--- What you need to do ---
Word for word, print out all of the data, omitting every image.

══ Collected material ══

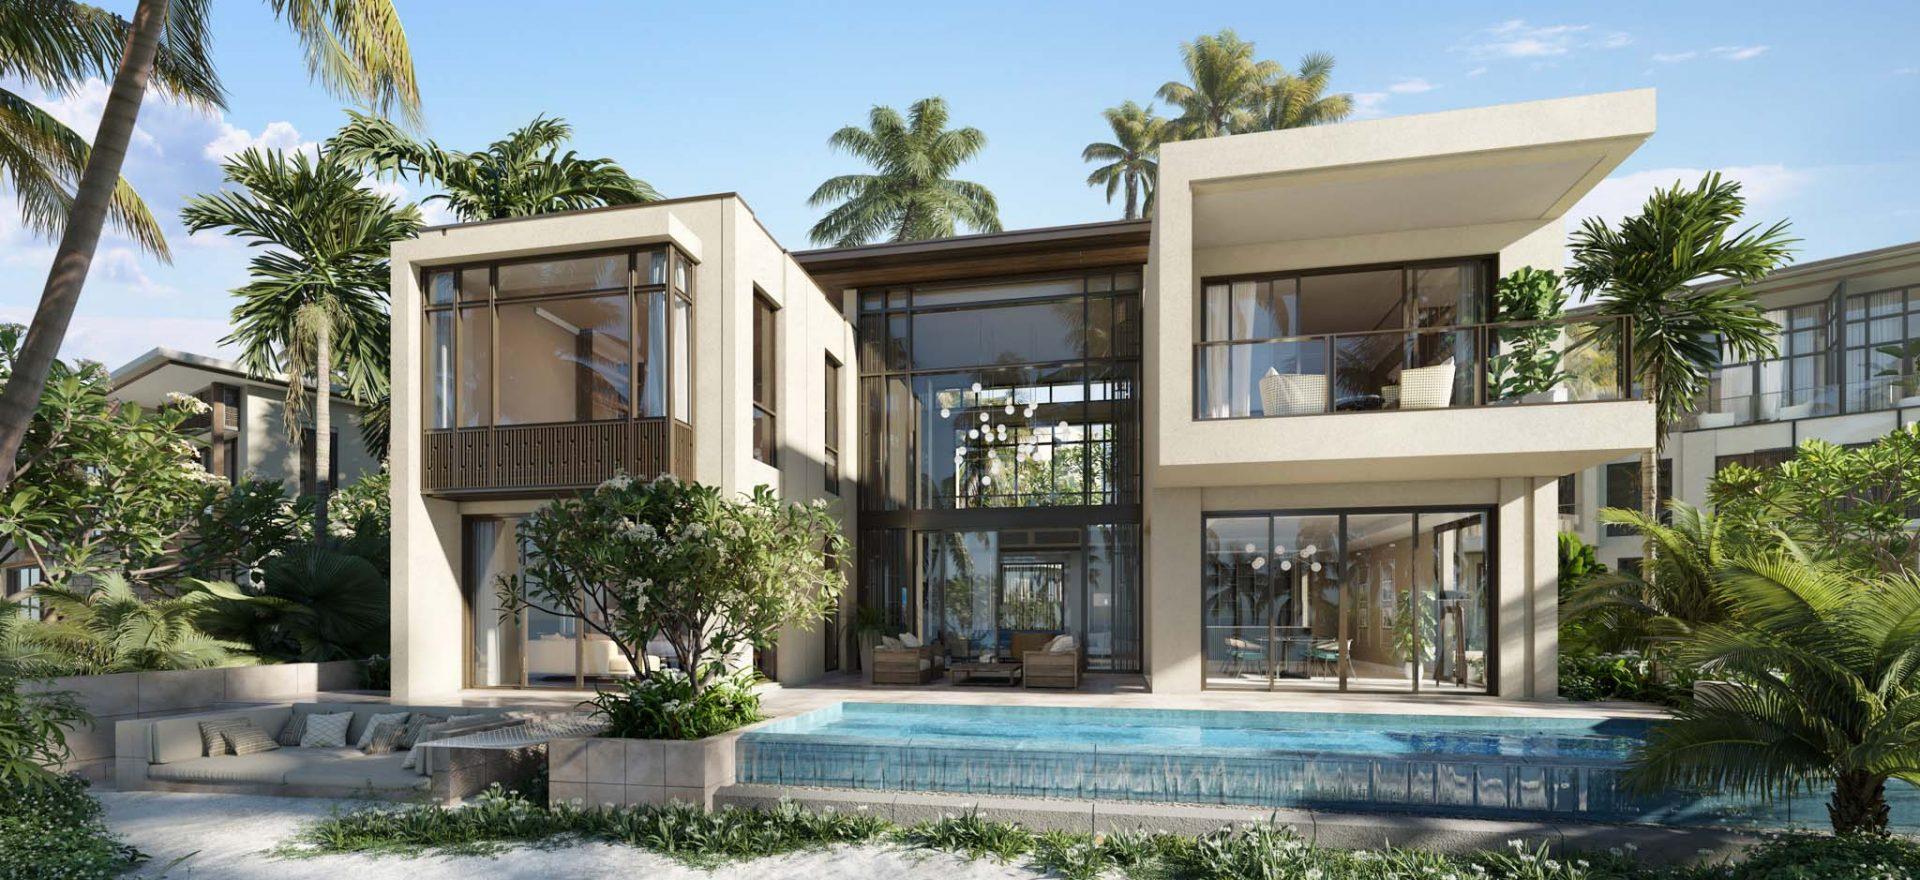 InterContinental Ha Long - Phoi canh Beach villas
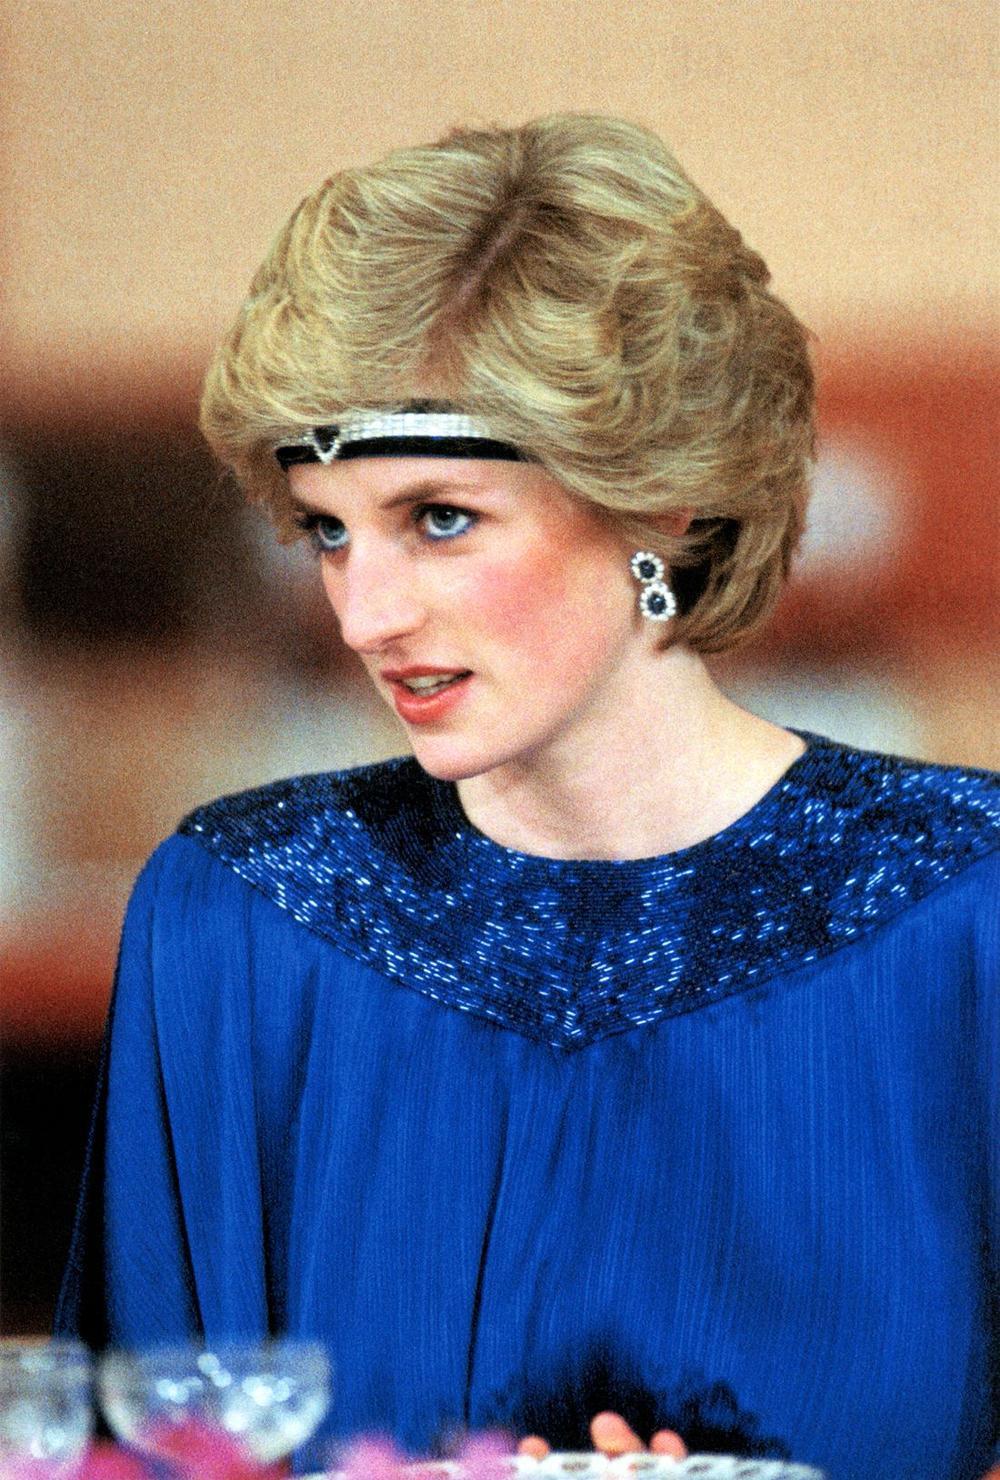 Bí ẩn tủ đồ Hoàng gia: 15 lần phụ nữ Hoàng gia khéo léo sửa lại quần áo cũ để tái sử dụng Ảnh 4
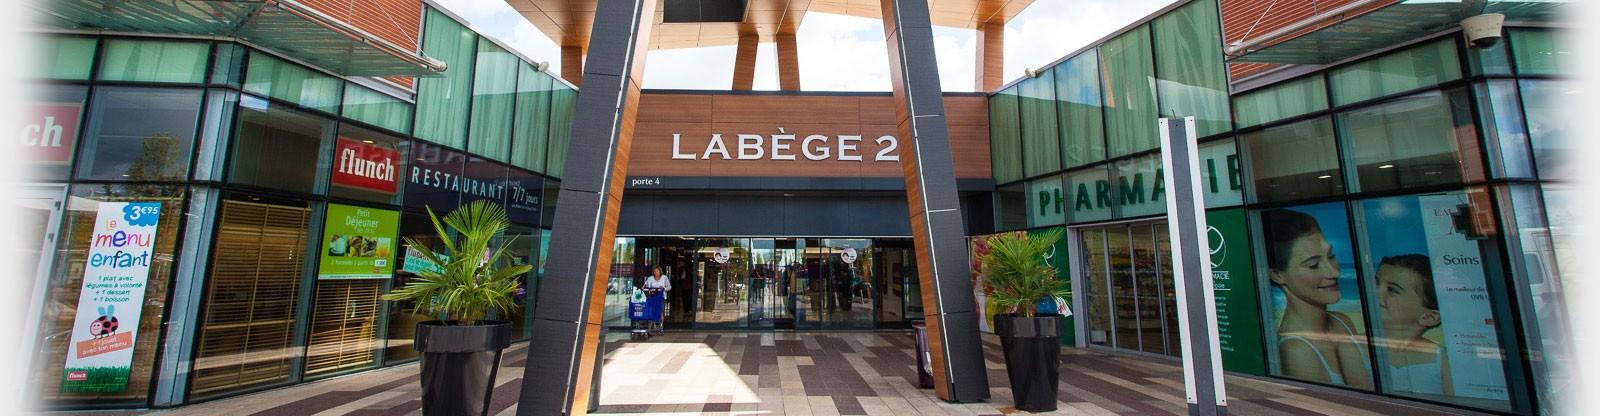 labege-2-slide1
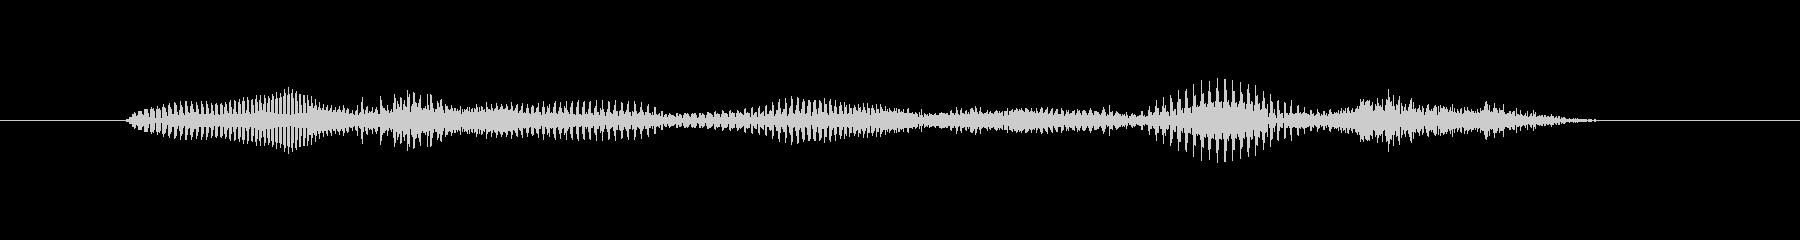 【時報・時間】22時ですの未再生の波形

═══

--- Answer for this exercise ---
 InterContinental Ha Long - Phoi canh Beach villas
 Bí ẩn tủ đồ Hoàng gia: 15 lần phụ nữ Hoàng gia khéo léo sửa lại quần áo cũ để tái sử dụng Ảnh 4
 labege-2-slide1
 【時報・時間】22時ですの未再生の波形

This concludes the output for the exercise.